Competing interests of heirs and surviving owners
These interests are many and may include the following:
|What Heirs of Deceased Owner Want||What Surviving Owners Want|
|Top dollar for their interests||Minimum cost for the interest|
|Prompt settlement of the estate||Prompt transfer of the business interest|
|Set value of business for estate tax purposes||Full control of the business - no interference from decedent’s family|
|Relief for family from worries regarding the business and its creditors||Continuing relationship with creditors|
|Retention of customers and employees|
Potential problems without a written agreement
Frequent results include:
- Heated conflicts among the remaining owners and the decedent’s family.

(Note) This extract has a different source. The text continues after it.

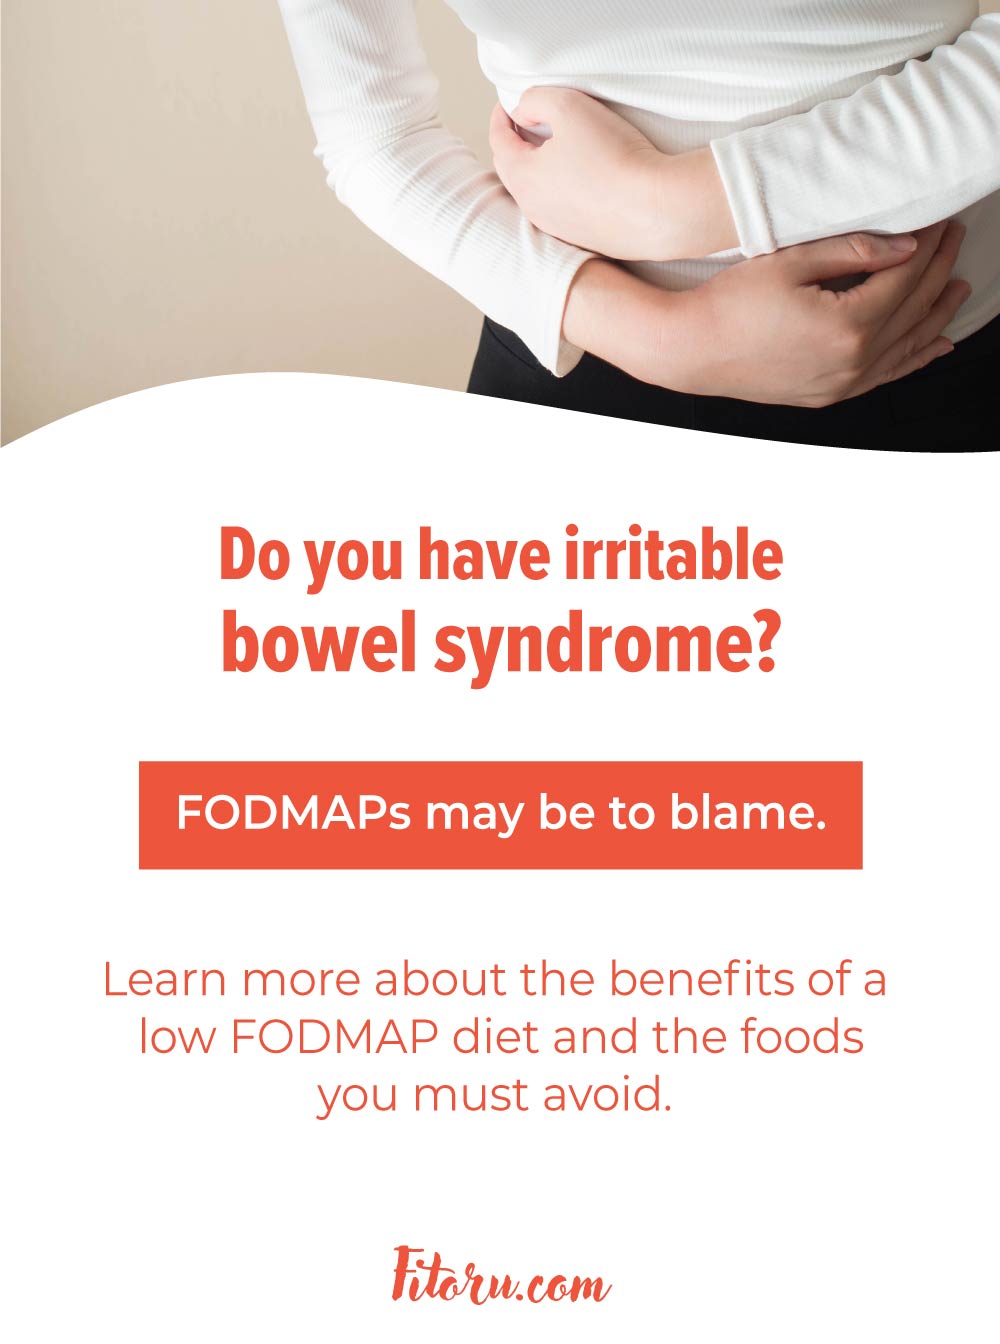 Learn more about the benefits of a low FODMAP diet and the foods you must avoid.

- Unhappiness on all sides, and sometimes litigation.
- Delays in settling the estate and continuing business growth.
- Loss of customers and loss of business value.
- Possible liquidation of the business which may bring less than full value.
The solution: A written agreement (and cash)
Taking the time now to see that the business will pass in an orderly manner at time of death will benefit all parties and their heirs. A written agreement can provide:
- An orderly transfer of the operation, management and ownership of the business.
- A mutually agreeable sales price and preservation of business value.
- Mutually agreeable terms of sale.
- A value that is binding on the IRS for federal estate tax purposes.
- Stability for customers, employees, creditors and investors.
An agreement which is favorable to all parties can be more easily drafted prior to a crisis.